Rekan Indonesia Bogor Raya, Dampingi Ibu Hamil. Penanganan Lambat Bayinya Meninggal

By Goenk1975 21 Jul 2026, 14:45:52 WIB Kesehatan
Rekan Indonesia Bogor Raya, Dampingi Ibu Hamil. Penanganan Lambat Bayinya Meninggal

Keterangan Gambar : Maulyda Nabila, IbubHamil Yang Didampingi Rekan Indonesia Bogor Raya


Bernusa.com. Bogor - Relawan Kesehatan Indonesia (Rekan Indonesia) Kabupaten Bogor Raya mendampingi seorang ibu hamil yang kehilangan janin pada usia kandungan sekitar enam bulan setelah menjalani penanganan medis di RS Sehat Terpadu Dompet Dhuafa, Kabupaten Bogor, Senin (20/7).

Ketua KPD Rekan Indonesia Bogor Raya, Meirura Lovita Chaniago atau Rura, mengatakan pendampingan dilakukan sejak pihaknya menerima laporan dari suami dari pasien bernama, Mualydia Nabila, warga Bojong Gede yang mengabarkan istrinya mengalami kram perut disertai perdarahan.

"Kami menyarankan agar pasien segera diperiksa ke bidan terdekat. Setelah bidan merekomendasikan agar dibawa ke rumah sakit, kami langsung mengarahkan keluarga menuju IGD PONED RS Sehat Terpadu Dompet Dhuafa dengan melengkapi dokumen yang diperlukan," kata Rura di Bogor, Selasa.

Baca Lainnya :

Setibanya di rumah sakit, Nabila langsung menjalani pemeriksaan, termasuk pengecekan detak jantung janin dan pemeriksaan laboratorium. Berdasarkan hasil pemeriksaan, janin dinyatakan telah meninggal dunia sehingga diperlukan tindakan medis segera.

Menurut Rura, pasien sempat direncanakan dirujuk ke RSUD Leuwiliang karena dokter spesialis obstetri dan ginekologi tidak berada di lokasi saat itu. Selain itu, keluarga juga menghadapi kendala biaya ambulans rujukan yang diperkirakan mencapai Rp2,5 juta.

"Keluarga menyampaikan tidak memiliki kemampuan untuk membayar biaya ambulans tersebut.
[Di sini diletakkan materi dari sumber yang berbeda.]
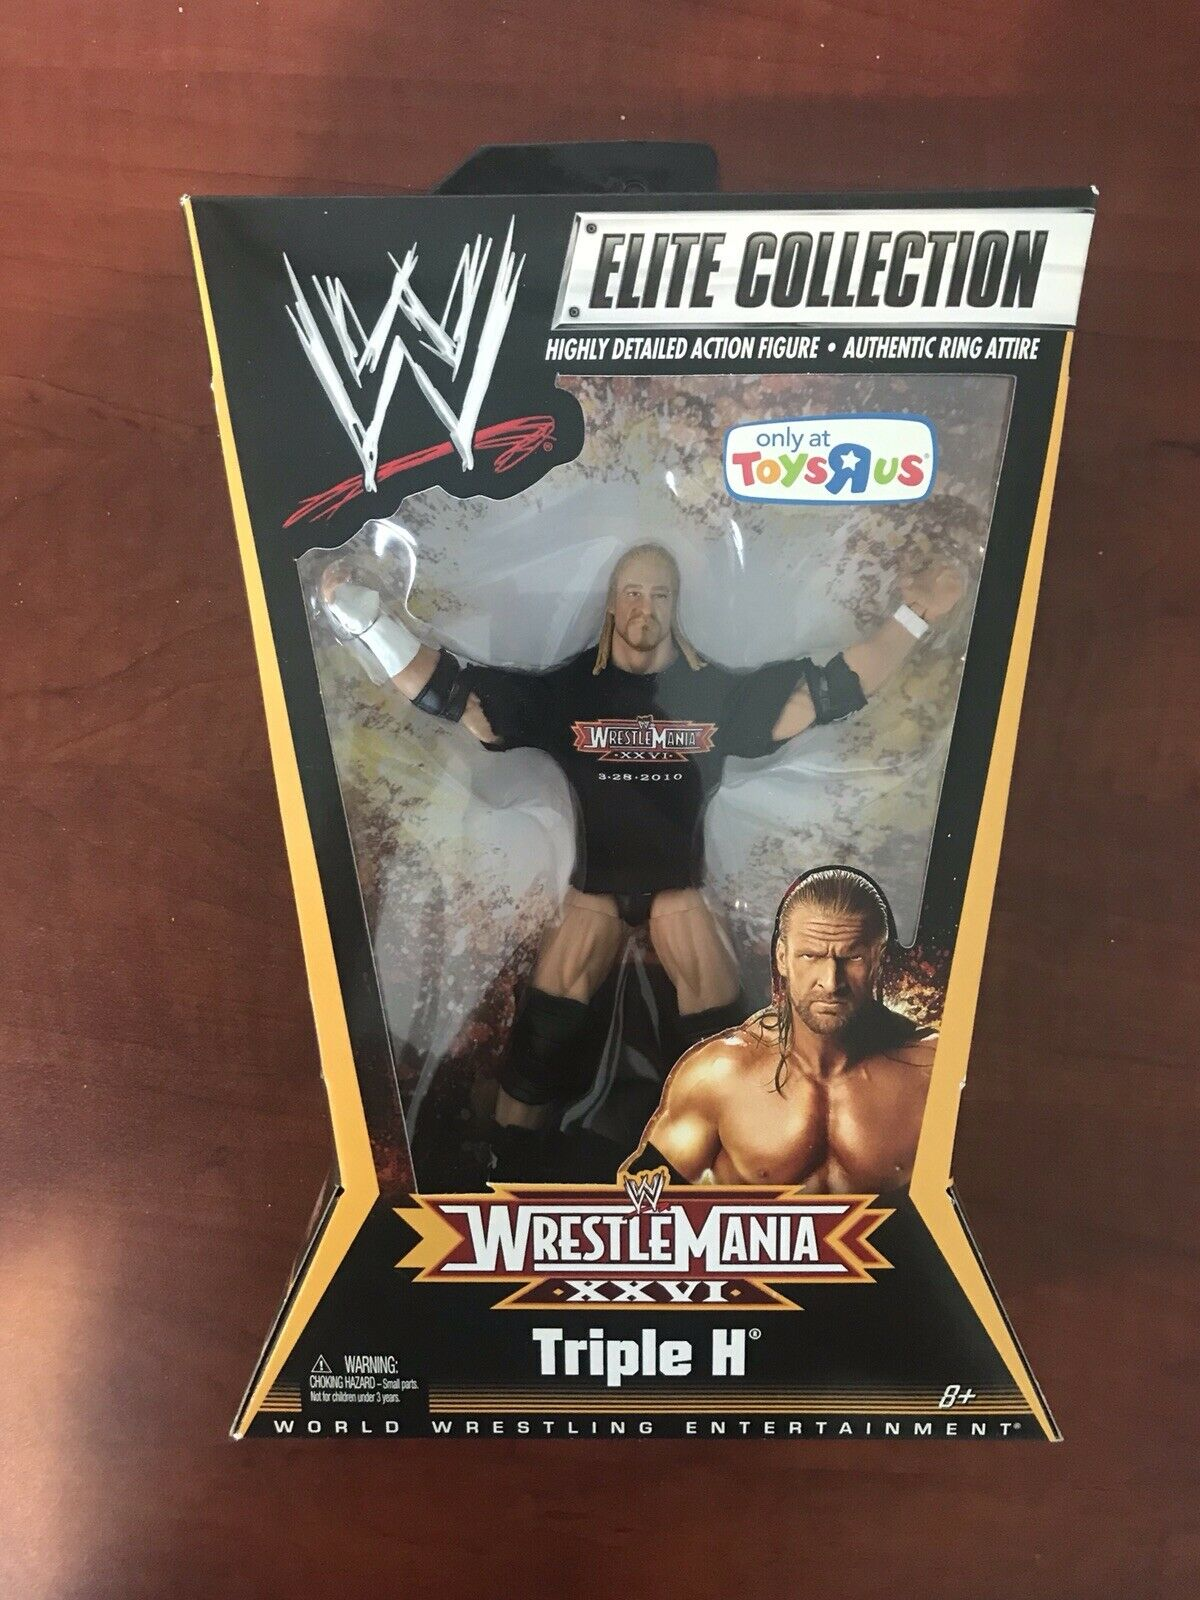 Mattel WWE Elite Collection Triple H Figura WrestleMania XXVI 26 26 Tru MIB difícil de encontrar Hhh  ventas calientes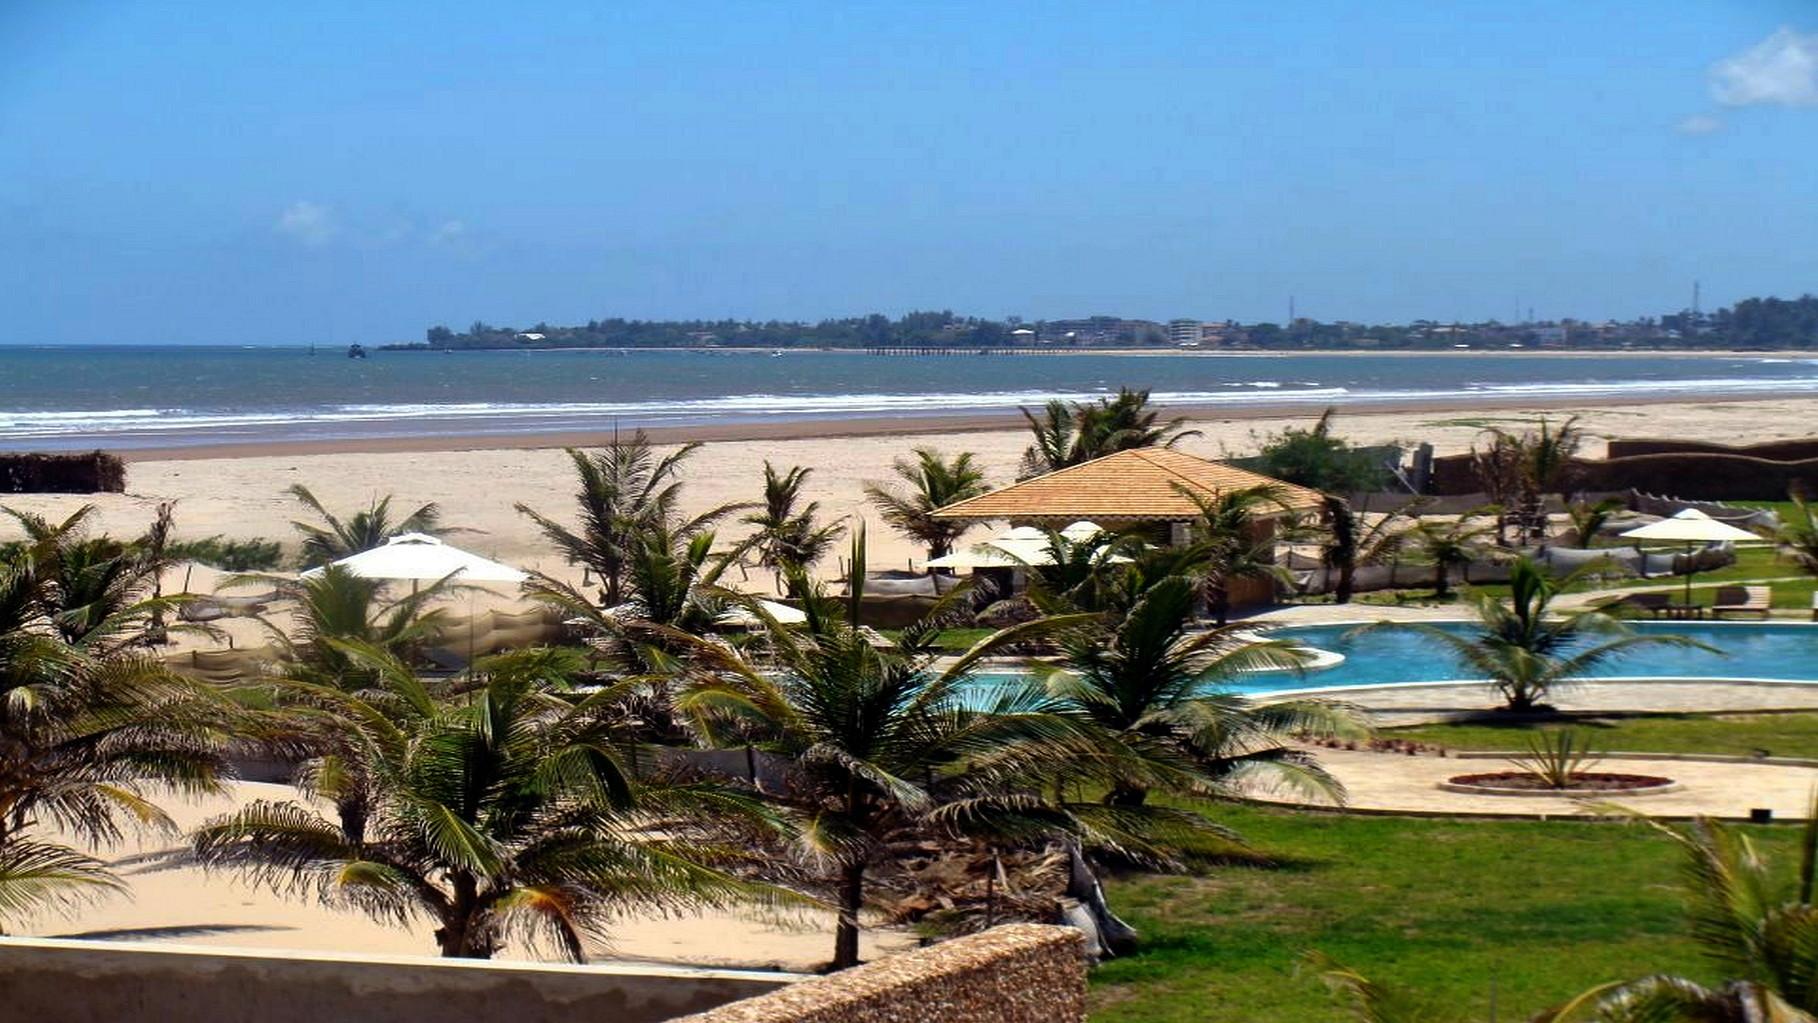 Holiday House Tembo Court Malindi - Beach. Casa Vacanze Tembo Court Malindi -  Spiaggia

Karena itu kami segera berkoordinasi dengan pihak LKC Dompet Dhuafa dan manajemen rumah sakit agar pasien tetap memperoleh penanganan secepat mungkin," ujarnya.

Hasil koordinasi tersebut, lanjut Rura, membuat dokter spesialis obstetri dan ginekologi, dr. Widja Widajaka, Sp.OG, datang ke RS Sehat Terpadu Dompet Dhuafa untuk melakukan tindakan operasi sehingga rencana rujukan ke rumah sakit lain dibatalkan.

"Dengan solusi tersebut pasien dapat segera ditangani di rumah sakit yang sama sehingga tidak perlu dirujuk dan keluarga tidak terbebani biaya ambulans," katanya.

Meski demikian, janin dalam kandungan tidak dapat diselamatkan. Setelah menjalani operasi, pasien masih menjalani perawatan di ruang ICU akibat kondisi tekanan darah dan kadar hemoglobin (HB) yang memerlukan pemantauan intensif.

Rura menyampaikan belasungkawa kepada keluarga pasien dan berharap peristiwa tersebut menjadi perhatian untuk memperkuat kesiapsiagaan pelayanan kesehatan, terutama terkait ketersediaan dokter spesialis dan sistem rujukan kegawatdaruratan.

"Kami berharap pelayanan kegawatdaruratan ibu dan anak dapat semakin diperkuat sehingga masyarakat dapat memperoleh akses layanan yang cepat, aman, dan terjangkau ketika menghadapi kondisi darurat," ujar Rura.